De gereformeerde evangelisatiearbeid in Anloo, Gasteren, Oudemolen en Annen

Inleiding.

De gereformeerde Particuliere Synode Drenthe besloot in 1895 de evangelisatiearbeid ‘krachtiger aan te pakken’. Daarom werden deputaten benoemd, uit elke classis een, met als opdracht plannen te ontwikkelen en het evangelisatiewerk (dat toen nog ‘Inwendige Zending’ genoemd werd) ook verder te begeleiden.

Met ingang van 1898 werden daartoe colporteur-bijbellezers aangesteld om de evangelisatiearbeid in de provincie Drenthe ter hand te nemen. Zo was na en naast J. de Braal (1898 tot 1900) als tweede colporteur H. Hogewind benoemd (1899 tot 1904), en werd van 1901 tot 1911 het werk ook aan E. Greving toevertrouwd  (van 1900 tot 1911).

In dit artikel kijken we terug op het werk dat door colporteur E. Greving verricht werd in de dorpen Anloo, Gasteren en Oudemolen, voor zover dat uit het archief van de Drentse particuliere synode duidelijk wordt. Ook het werk te Annen komt nog even aan de orde. Deze dorpen liggen direct ten noordoosten van Assen en ressorteerden aanvankelijk voornamelijk onder de in 1867 geïnstitueerde Gereformeerde Kerk te Vries, en later, vanaf 1898, onder de in dat jaar gestichte Gereformeerde Kerk te Zuidlaren. Het in dit artikel genoemde evangelisatiewerk ging echter voornamelijk uit van de provinciale deputaten, al werd door de kerkenraad van de jonge en vooralsnog hulpbehoevende kerk van Zuidlaren zoveel mogelijk medewerking verleend. De kerkenraad van Vries had de handen vol aan het evangelisatiewerk te Tynaarlo en Yde, en de kerk van Zuidlaren was immers pas in 1898 vanuit de kerk te Vries geïnstitueerd en de eerste jaren bovendien vacant (pas in 1916 kreeg die kerk haar eerste predikant).
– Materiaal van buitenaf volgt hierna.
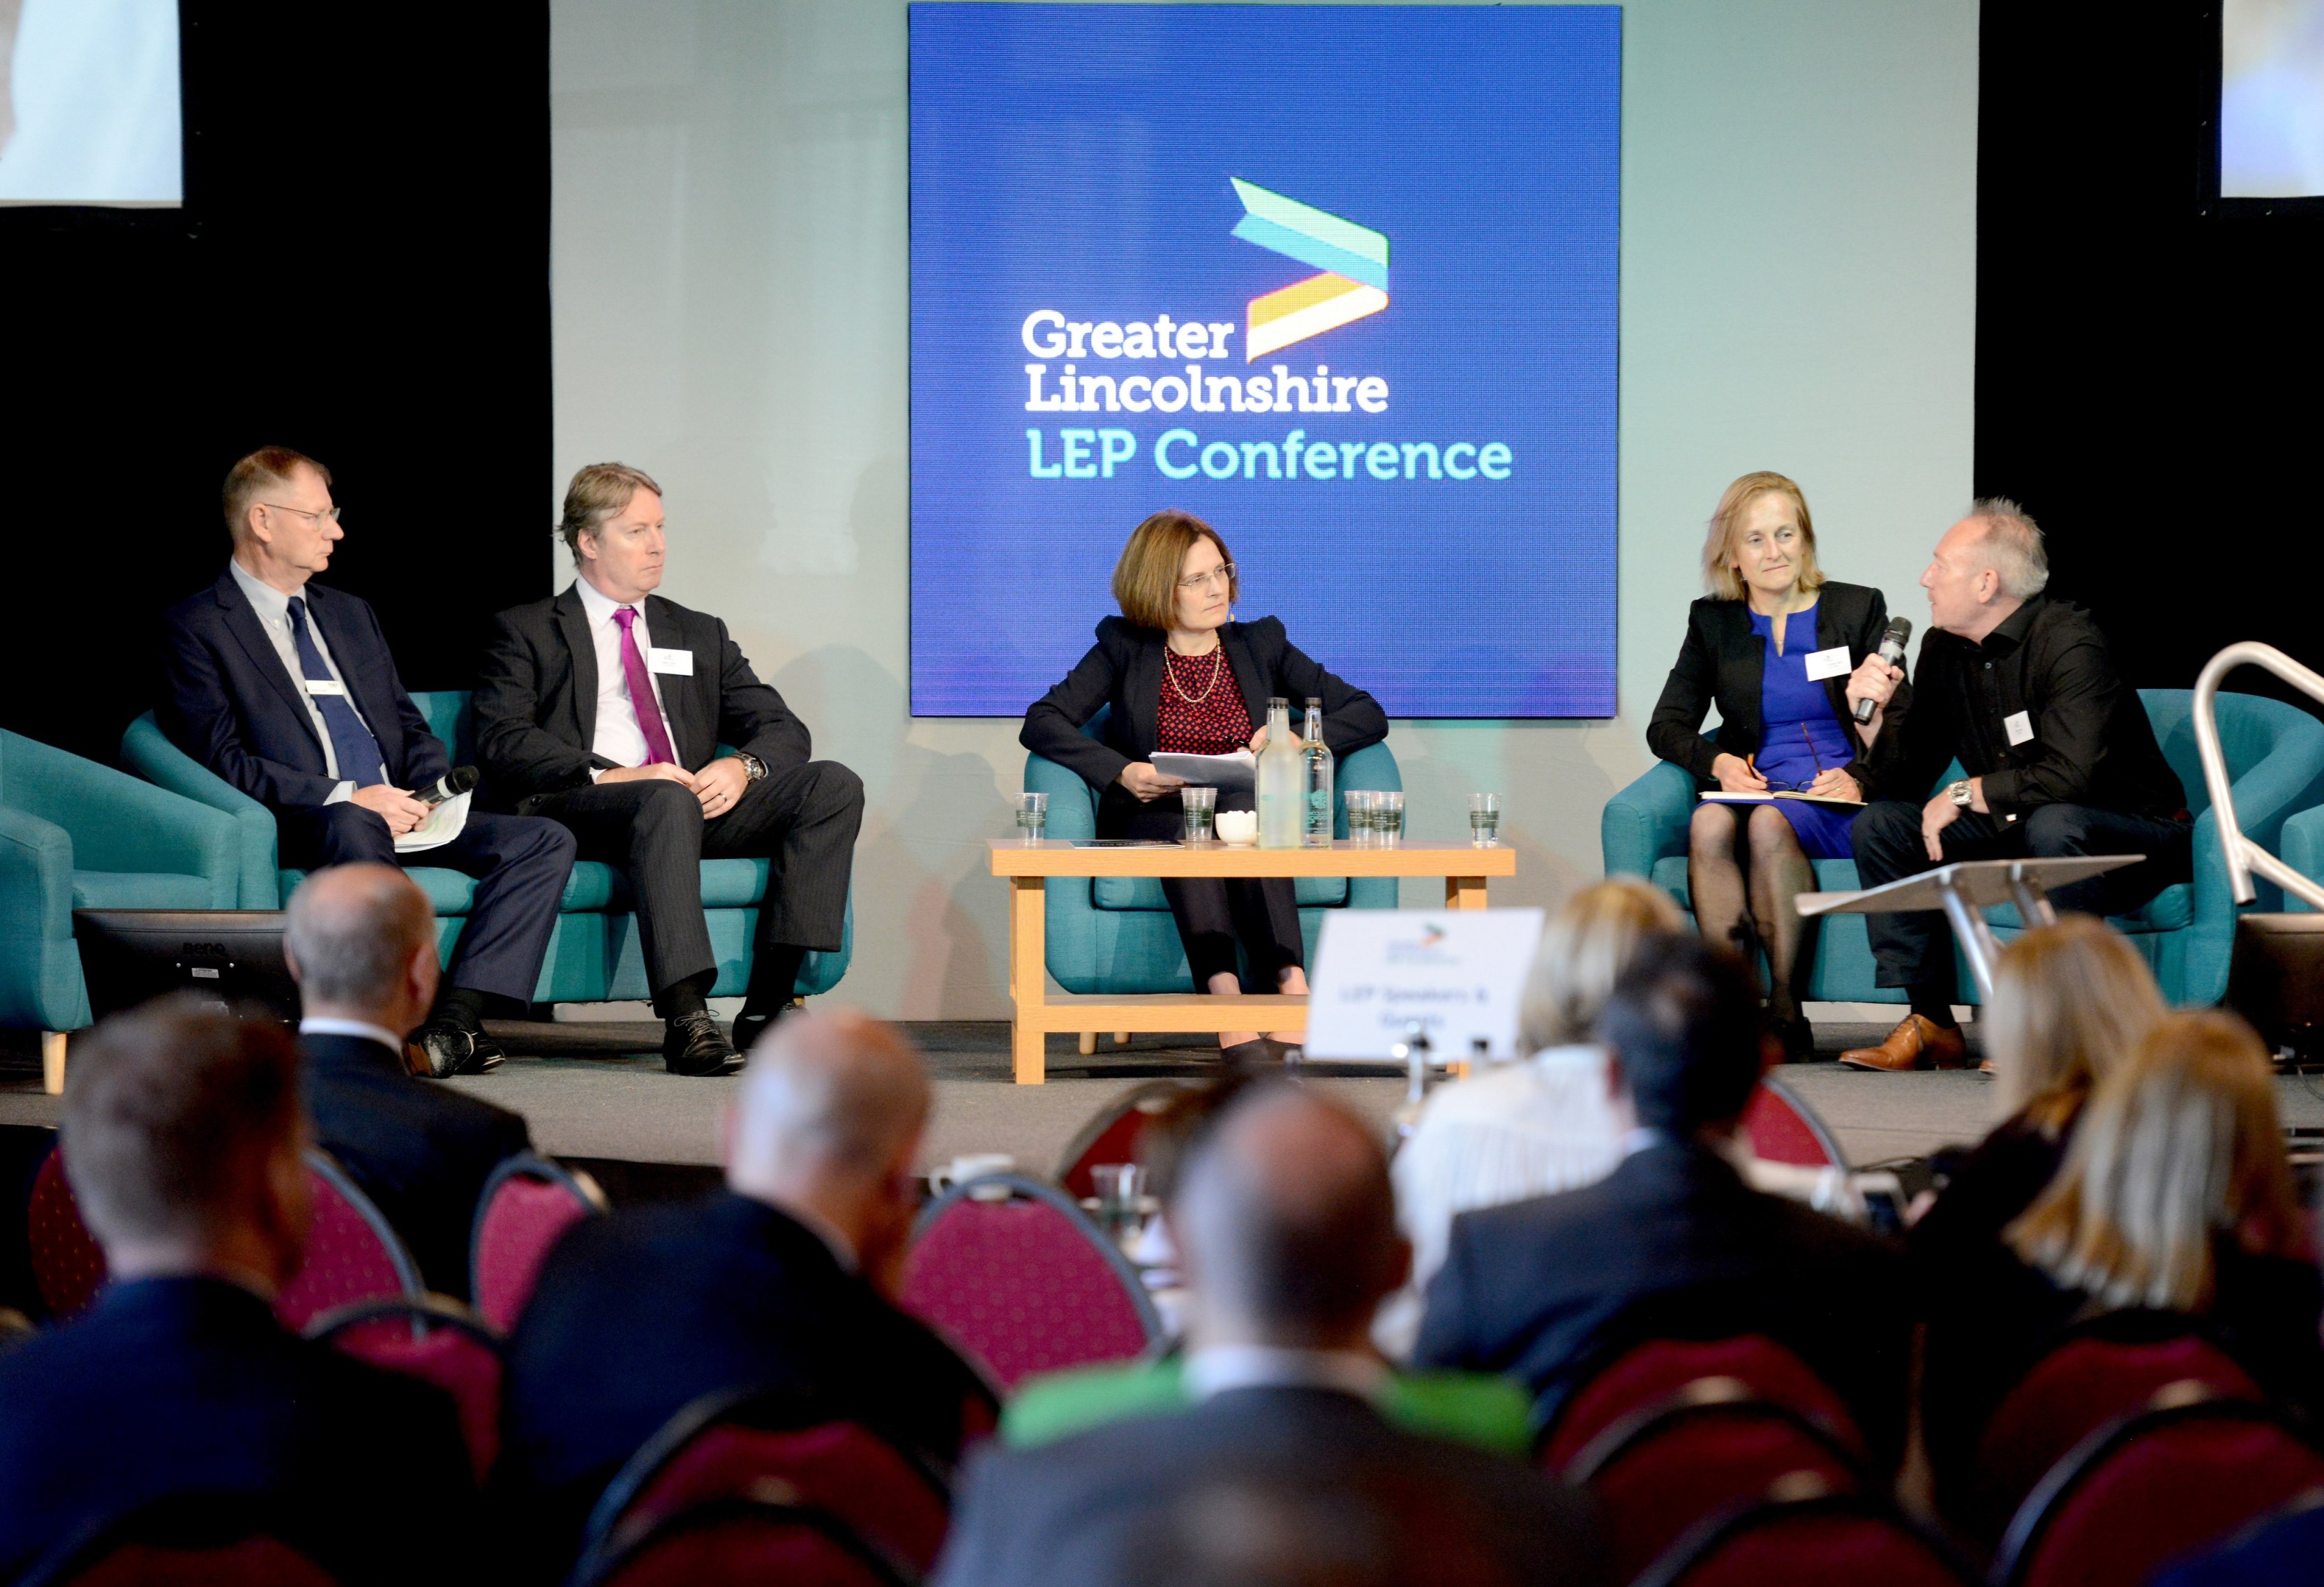 Large group of people sat down at an event listening to a Greater Lincolnshire LEP Conference Panel presentation

De evangelisatiearbeid te Gasteren en Oudemolen ging uit van de Gereformeerde Kerk te Zuidlaren. Deze eerste kerk was van ... tot ... in gebruik.
De provinciale evangelisatiearbeid te Anlo, Gasteren en Oudemolen ging mede uit van de Gereformeerde Kerk te Zuidlaren. De hierboven afgebeelde eerste gereformeerde kerk was van 1900 tot 1939 in gebruik.

1. Het werk in Anloo.

Colporteur Greving kreeg in februari 1901 van de provinciale deputaten voor de Evangelisatie de opdracht ‘zich wat meer op Anloo aan te houden en niet al te veel in de nabijheid van Assen zich op te houden’. Hem werd toen als werkterrein opgegeven de dorpen Rolde, Gieten, Anloo, Peize, Eelde en Norg. Greving wilde in zijn geboorteplaats Anloo graag een zondagsschool oprichten, maar vond de tijd daarvoor nog niet geschikt; ‘die zal wellicht na het vertrek van de hervormde predikant beter zijn’. Toen deze ds. J. Buiskool vertrok (dat was in juni 1901) werd het zondagsschoollokaal gebouwd.

Greving was in Anloo geboren en vertelde in oktober 1901 iets over zijn aankomst als colporteur in dat dorp: “Ik herinner mij hoe ik dien morgen van 1 oktober 1901 mijn schreden richtte naar de plaats mijner geboorte met een goed gevulde bijbeltasch. En ofschoon de mensen in het eerst wel vreemd opzagen, mij nu daar als colporteur te zien, duurde het echter niet lang of de begeerte werd door menigeen uitgesproken, vooral toch eens spoedig terug te komen. Daaraan heb ik nogal dikwijls gevolg gegeven, en eindelijk, toen er zich een geschikte gelegenheid voordeed, ook tot het oprichten eener zondagsschool over te gaan. Wat nu die zondagsschool aangaat, die breidt zich nog [slechts] weinig uit, daar de onderwijzer te Anloo juist de kinderen welke de [openbare] dagschool bezoeken zgn. ‘zondagsschoolonderwijs’ geeft, doch waar over de bijbel niet wordt gesproken. Nu is mijn plan straks, nu de dagen weer korten, mijn zondagsschool ’s middags niet om drie uur (gelijk tot hier toe) maar om vier uur te houden, met het doel om ook de kinderen welke naar [de openbare school te] Anloo gaan in de gelegenheid te stellen mijn zondagsschool te bezoeken, hetwelk de kinderen wel willen”.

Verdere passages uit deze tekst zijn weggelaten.